### EXERCISE DESCRIPTION
The entries below contain a line with "Le bac pro cuisine" and a line with "Kostenloses Foto zum". Retype exactly everything from the first down to the second, both included, and nothing else.

* * * * *

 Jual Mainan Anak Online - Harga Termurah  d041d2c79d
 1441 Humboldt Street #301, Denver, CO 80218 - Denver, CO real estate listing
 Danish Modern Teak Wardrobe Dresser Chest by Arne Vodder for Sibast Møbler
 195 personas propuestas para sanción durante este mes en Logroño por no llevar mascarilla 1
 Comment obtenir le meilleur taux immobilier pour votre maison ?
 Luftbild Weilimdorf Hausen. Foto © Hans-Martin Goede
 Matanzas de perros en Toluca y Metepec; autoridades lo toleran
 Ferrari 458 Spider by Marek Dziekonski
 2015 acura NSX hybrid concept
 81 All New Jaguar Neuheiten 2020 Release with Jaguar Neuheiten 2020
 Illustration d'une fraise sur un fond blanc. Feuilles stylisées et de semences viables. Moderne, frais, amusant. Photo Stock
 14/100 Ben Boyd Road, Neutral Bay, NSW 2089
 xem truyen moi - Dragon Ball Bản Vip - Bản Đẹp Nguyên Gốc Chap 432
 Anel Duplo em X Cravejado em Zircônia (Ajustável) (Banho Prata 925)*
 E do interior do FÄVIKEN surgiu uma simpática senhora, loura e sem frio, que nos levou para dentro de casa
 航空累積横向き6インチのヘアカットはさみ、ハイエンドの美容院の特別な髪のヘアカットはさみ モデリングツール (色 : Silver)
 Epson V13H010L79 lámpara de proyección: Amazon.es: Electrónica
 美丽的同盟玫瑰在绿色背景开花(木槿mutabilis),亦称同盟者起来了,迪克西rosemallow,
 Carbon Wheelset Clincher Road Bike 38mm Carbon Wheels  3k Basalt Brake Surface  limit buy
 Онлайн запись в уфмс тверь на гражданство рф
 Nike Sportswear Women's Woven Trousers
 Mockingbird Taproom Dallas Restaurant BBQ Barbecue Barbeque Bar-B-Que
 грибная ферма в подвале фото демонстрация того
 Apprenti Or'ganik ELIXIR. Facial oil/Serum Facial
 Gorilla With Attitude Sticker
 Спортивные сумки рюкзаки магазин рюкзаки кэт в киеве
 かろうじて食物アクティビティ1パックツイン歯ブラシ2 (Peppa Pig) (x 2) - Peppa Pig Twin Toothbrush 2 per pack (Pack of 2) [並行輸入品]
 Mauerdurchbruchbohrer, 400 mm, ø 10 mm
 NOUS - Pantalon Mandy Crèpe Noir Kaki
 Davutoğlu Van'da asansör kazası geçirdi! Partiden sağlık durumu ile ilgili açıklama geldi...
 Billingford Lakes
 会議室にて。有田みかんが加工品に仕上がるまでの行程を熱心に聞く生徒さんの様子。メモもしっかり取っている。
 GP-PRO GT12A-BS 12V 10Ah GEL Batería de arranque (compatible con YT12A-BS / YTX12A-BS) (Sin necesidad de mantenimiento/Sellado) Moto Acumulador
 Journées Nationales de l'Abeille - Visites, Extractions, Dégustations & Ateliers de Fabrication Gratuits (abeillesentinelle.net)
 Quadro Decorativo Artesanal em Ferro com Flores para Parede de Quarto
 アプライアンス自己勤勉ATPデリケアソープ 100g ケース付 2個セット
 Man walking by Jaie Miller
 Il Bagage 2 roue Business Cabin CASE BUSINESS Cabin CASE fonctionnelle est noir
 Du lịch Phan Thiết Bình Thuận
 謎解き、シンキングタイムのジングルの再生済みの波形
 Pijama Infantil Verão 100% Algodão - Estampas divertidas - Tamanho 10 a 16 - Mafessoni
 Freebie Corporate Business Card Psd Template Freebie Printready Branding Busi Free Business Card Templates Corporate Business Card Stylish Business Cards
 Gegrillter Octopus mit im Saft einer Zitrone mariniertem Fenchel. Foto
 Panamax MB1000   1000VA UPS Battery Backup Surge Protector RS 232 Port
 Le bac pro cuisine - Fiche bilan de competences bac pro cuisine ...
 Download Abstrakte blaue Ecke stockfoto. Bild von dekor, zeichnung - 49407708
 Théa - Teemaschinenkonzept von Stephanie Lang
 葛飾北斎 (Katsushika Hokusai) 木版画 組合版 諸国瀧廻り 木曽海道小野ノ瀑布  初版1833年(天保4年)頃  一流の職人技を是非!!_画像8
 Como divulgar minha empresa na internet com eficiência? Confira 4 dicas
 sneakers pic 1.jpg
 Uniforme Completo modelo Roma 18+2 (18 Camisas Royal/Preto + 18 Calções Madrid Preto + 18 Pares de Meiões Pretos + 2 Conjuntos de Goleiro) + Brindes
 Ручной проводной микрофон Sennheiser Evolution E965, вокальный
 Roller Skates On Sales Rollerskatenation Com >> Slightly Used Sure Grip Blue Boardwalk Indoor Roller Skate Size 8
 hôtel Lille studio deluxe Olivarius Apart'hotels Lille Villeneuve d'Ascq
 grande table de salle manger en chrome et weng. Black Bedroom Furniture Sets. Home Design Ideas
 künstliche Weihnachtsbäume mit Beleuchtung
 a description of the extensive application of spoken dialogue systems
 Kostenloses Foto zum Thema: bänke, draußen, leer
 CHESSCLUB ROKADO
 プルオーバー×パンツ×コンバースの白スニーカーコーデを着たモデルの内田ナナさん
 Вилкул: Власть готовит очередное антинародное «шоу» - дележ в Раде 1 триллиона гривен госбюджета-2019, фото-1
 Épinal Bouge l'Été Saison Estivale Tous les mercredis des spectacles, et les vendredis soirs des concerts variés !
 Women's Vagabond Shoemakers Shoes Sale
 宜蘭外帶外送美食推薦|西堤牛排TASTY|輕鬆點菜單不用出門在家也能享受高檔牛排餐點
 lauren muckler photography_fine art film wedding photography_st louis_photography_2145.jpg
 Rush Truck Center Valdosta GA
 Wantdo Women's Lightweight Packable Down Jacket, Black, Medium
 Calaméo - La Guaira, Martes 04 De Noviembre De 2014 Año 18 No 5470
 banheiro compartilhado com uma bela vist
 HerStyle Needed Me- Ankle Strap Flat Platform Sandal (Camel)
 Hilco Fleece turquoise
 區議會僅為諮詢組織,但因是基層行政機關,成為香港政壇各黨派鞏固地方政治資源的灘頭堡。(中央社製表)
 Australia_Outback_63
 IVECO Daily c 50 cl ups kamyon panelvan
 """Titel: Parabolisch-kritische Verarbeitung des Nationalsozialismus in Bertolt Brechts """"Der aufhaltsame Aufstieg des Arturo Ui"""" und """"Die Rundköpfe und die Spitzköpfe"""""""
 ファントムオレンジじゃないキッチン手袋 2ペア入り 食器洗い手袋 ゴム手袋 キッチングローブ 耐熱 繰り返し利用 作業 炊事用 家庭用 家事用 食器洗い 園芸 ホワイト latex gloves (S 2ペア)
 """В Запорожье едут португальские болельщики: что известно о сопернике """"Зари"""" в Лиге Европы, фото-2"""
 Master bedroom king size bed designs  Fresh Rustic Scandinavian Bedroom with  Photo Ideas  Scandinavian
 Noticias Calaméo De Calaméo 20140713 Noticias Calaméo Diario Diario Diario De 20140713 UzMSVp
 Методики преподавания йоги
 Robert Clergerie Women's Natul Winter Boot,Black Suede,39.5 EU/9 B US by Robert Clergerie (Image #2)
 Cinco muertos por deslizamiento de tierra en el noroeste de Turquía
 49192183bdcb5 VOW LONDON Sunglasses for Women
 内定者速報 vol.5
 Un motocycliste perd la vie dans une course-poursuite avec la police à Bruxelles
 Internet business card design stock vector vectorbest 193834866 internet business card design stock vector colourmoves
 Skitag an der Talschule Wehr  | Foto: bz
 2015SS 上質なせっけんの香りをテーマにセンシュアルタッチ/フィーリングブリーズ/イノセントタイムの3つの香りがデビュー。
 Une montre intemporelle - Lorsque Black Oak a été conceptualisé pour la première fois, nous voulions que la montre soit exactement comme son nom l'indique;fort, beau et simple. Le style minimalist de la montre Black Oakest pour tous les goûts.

* * * * *

### PROBLEM SOLUTION
 Le bac pro cuisine - Fiche bilan de competences bac pro cuisine ...
 Download Abstrakte blaue Ecke stockfoto. Bild von dekor, zeichnung - 49407708
 Théa - Teemaschinenkonzept von Stephanie Lang
 葛飾北斎 (Katsushika Hokusai) 木版画 組合版 諸国瀧廻り 木曽海道小野ノ瀑布  初版1833年(天保4年)頃  一流の職人技を是非!!_画像8
 Como divulgar minha empresa na internet com eficiência? Confira 4 dicas
 sneakers pic 1.jpg
 Uniforme Completo modelo Roma 18+2 (18 Camisas Royal/Preto + 18 Calções Madrid Preto + 18 Pares de Meiões Pretos + 2 Conjuntos de Goleiro) + Brindes
 Ручной проводной микрофон Sennheiser Evolution E965, вокальный
 Roller Skates On Sales Rollerskatenation Com >> Slightly Used Sure Grip Blue Boardwalk Indoor Roller Skate Size 8
 hôtel Lille studio deluxe Olivarius Apart'hotels Lille Villeneuve d'Ascq
 grande table de salle manger en chrome et weng. Black Bedroom Furniture Sets. Home Design Ideas
 künstliche Weihnachtsbäume mit Beleuchtung
 a description of the extensive application of spoken dialogue systems
 Kostenloses Foto zum Thema: bänke, draußen, leer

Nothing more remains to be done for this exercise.